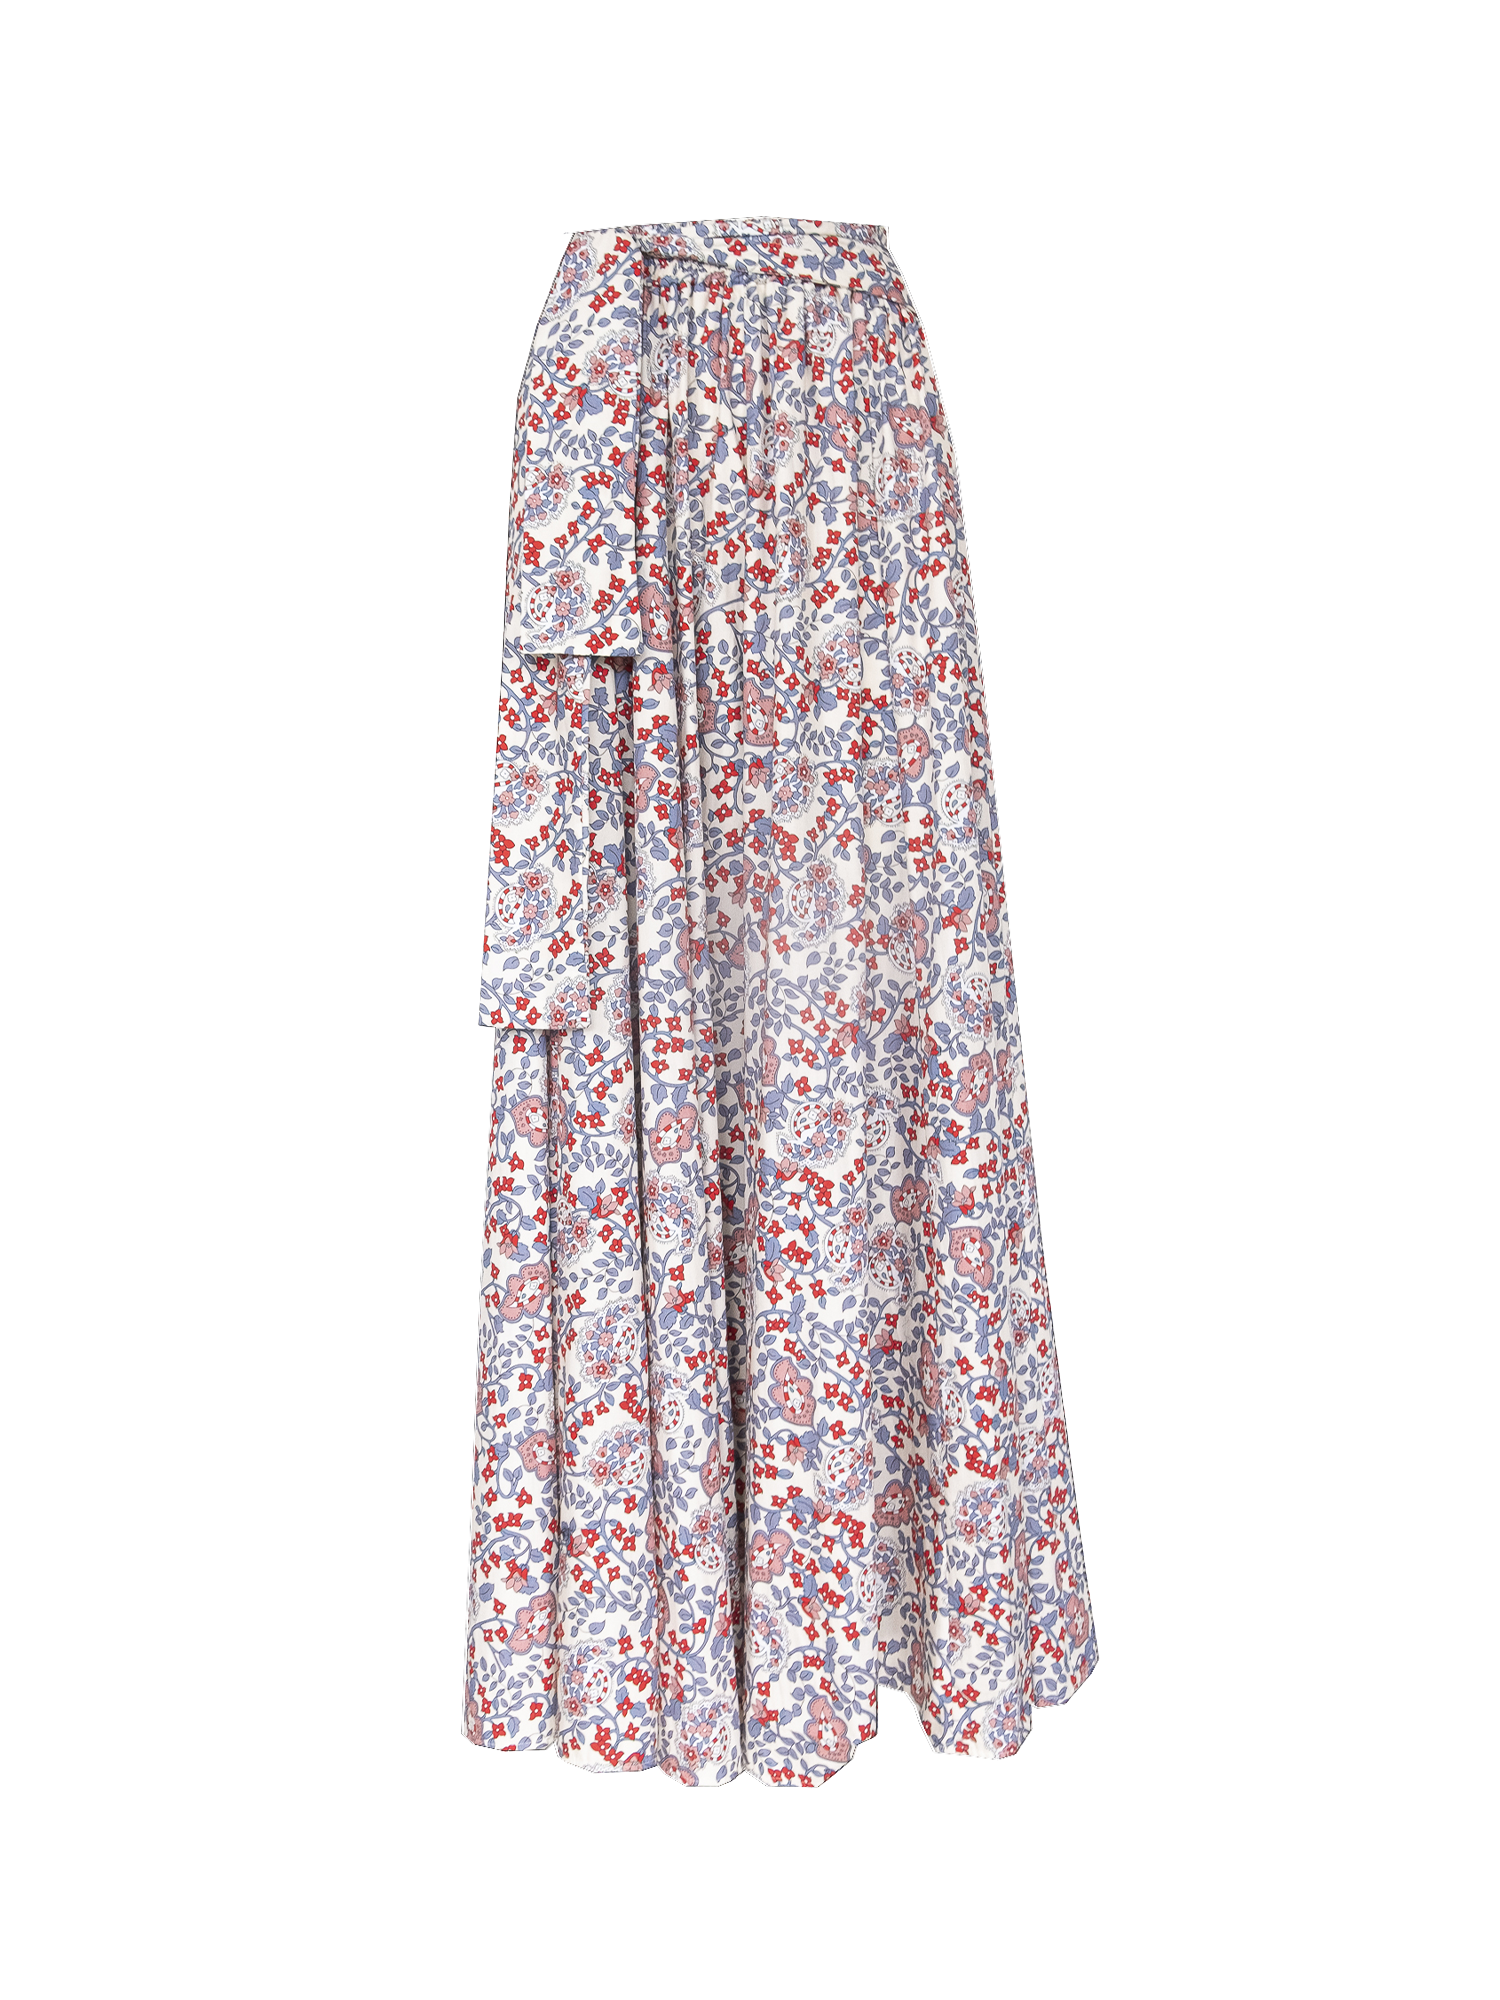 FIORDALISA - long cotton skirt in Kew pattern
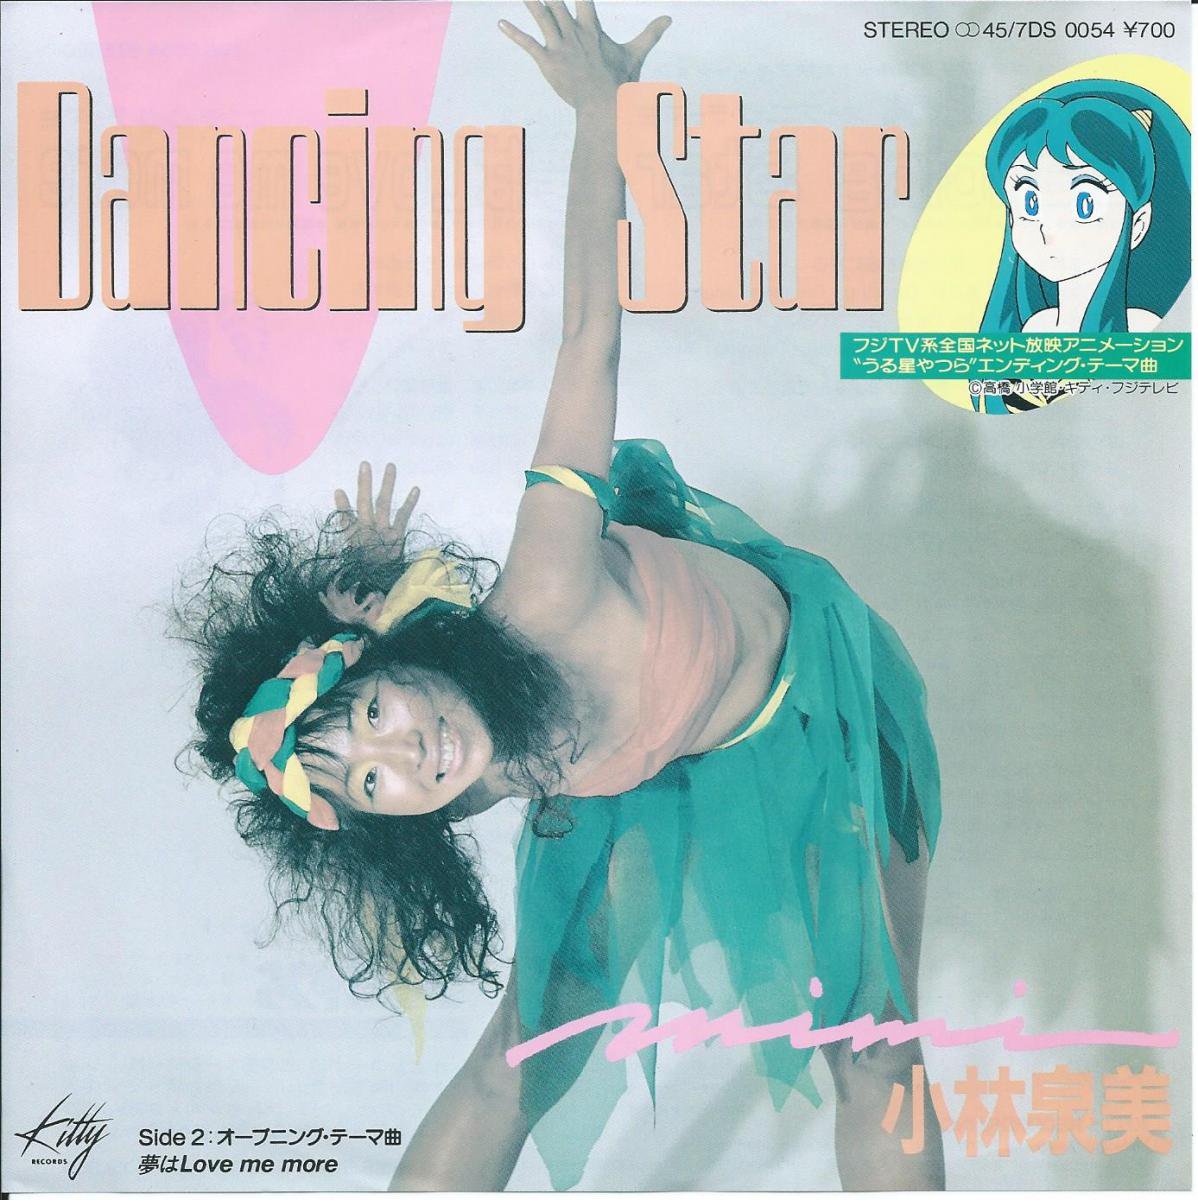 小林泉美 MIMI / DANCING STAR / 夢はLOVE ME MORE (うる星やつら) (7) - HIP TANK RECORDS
...
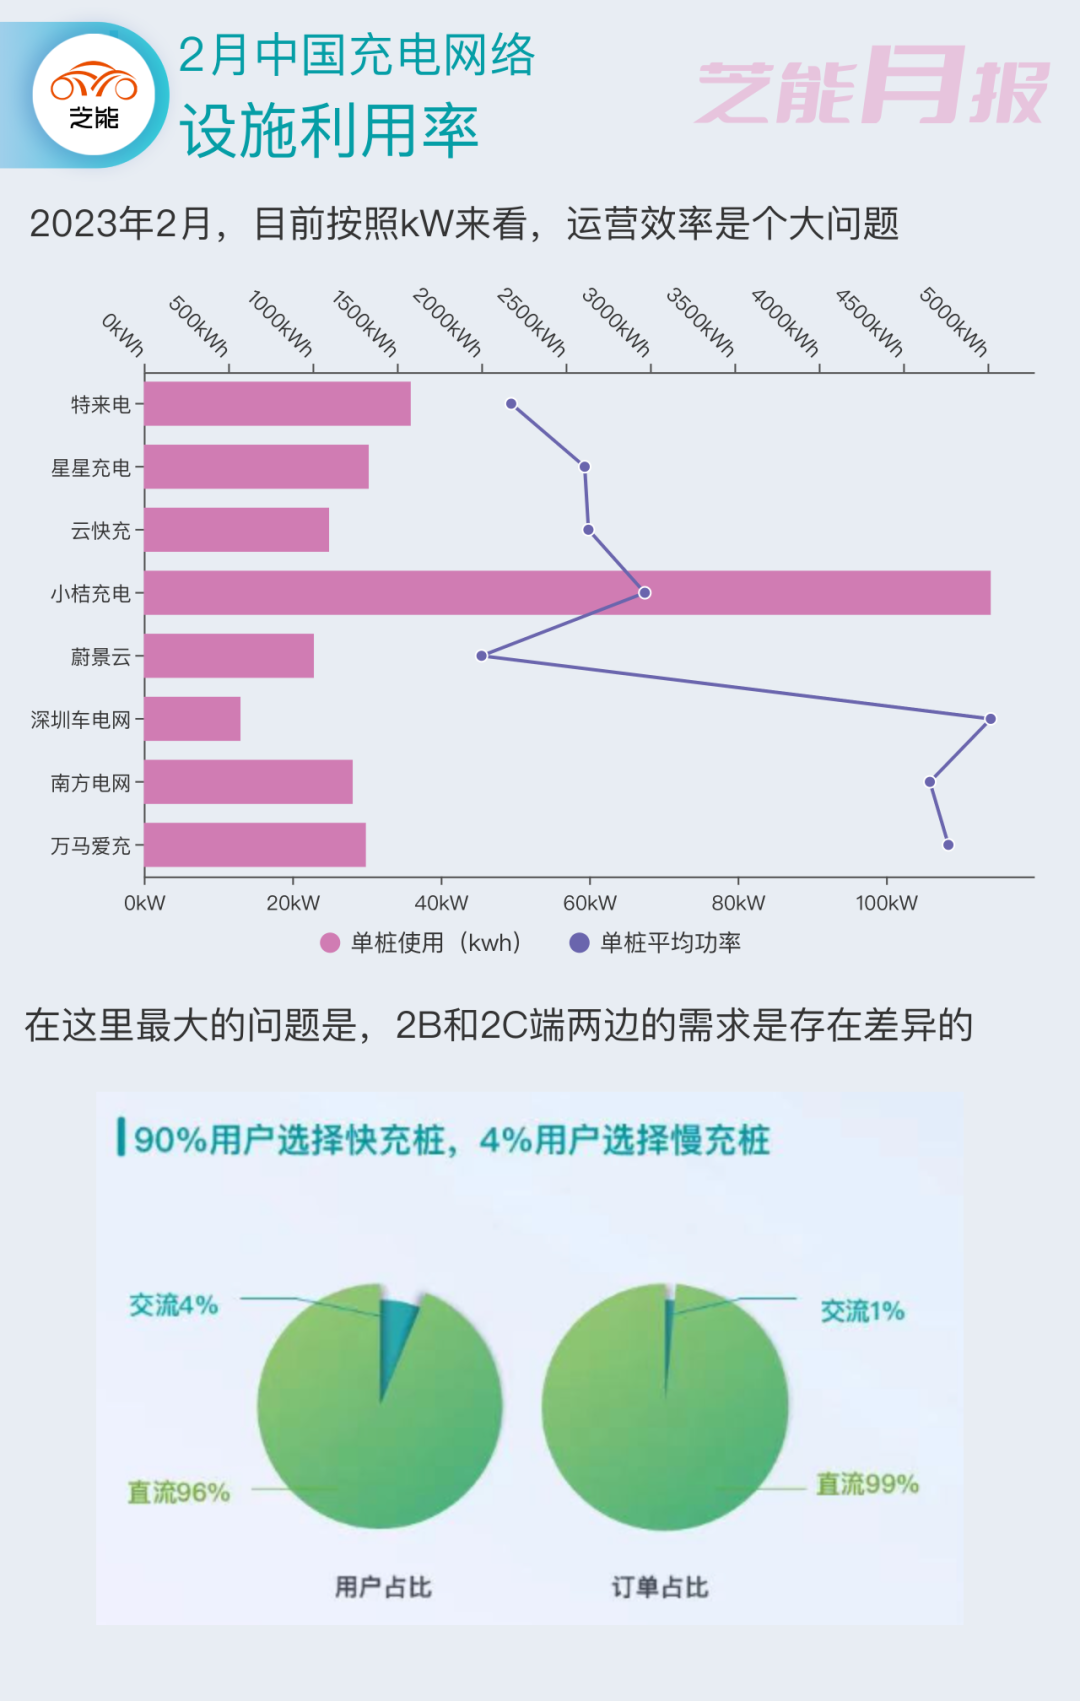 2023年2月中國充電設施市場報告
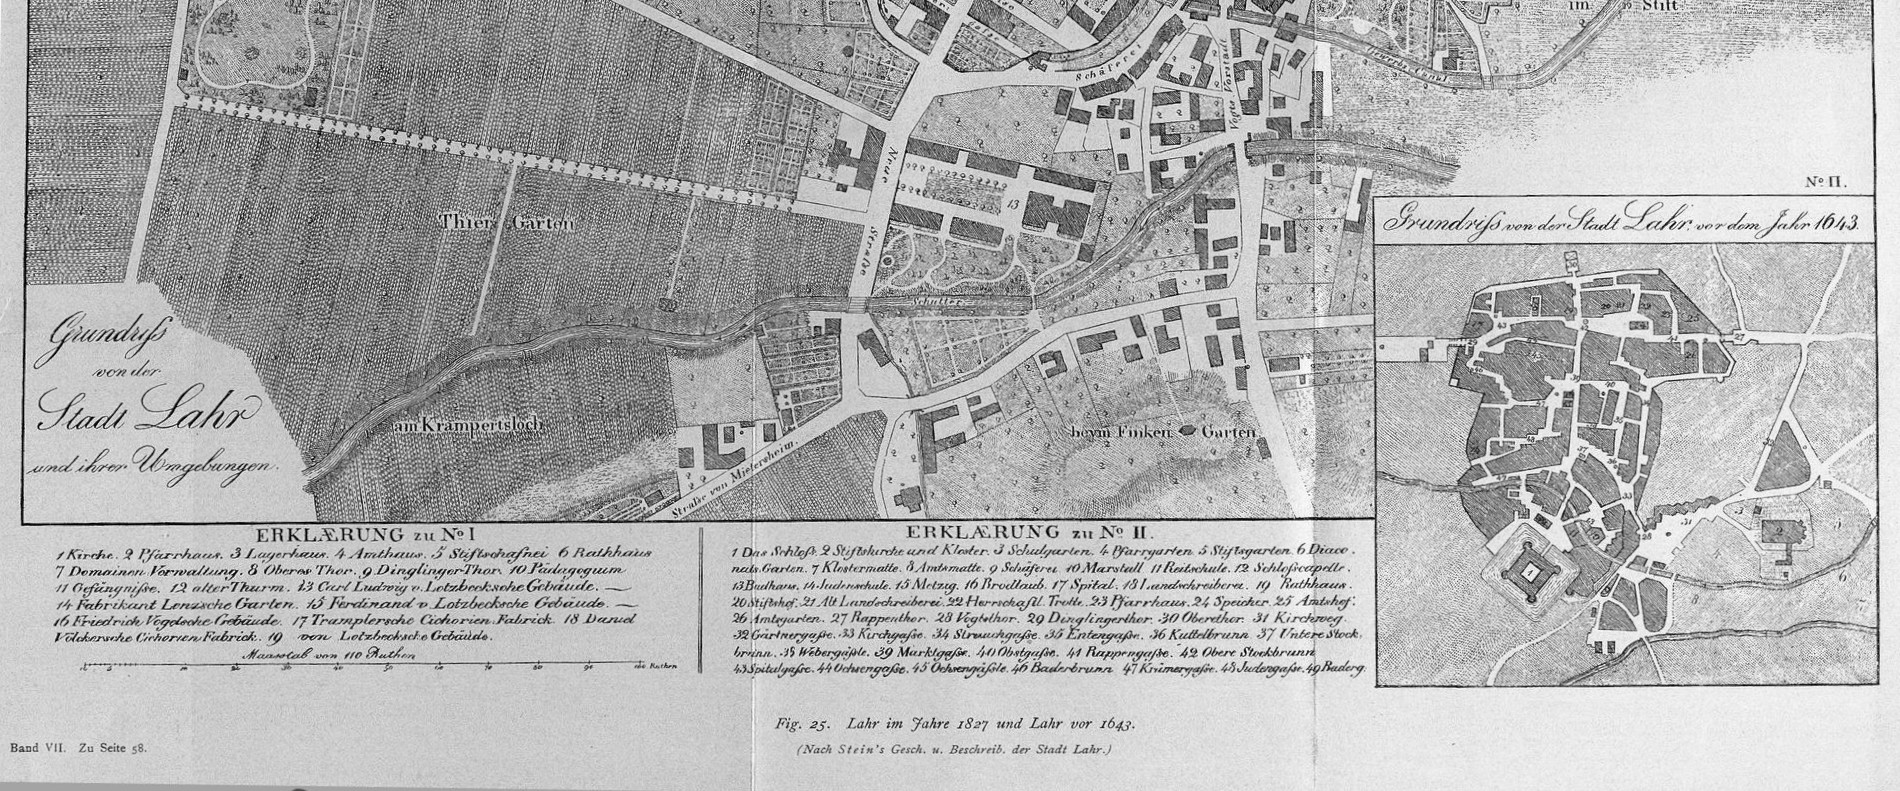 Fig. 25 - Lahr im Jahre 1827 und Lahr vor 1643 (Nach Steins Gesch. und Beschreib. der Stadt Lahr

What this task involves: When you reach the line that has "FIORDALISA - long" in the data above, start repeating lines exactly, and stop after the line that has "小林泉美 MIMI /"; pictures stay out.

Written reply:
 FIORDALISA - long cotton skirt in Kew pattern
 小林泉美 MIMI / DANCING STAR / 夢はLOVE ME MORE (うる星やつら) (7) - HIP TANK RECORDS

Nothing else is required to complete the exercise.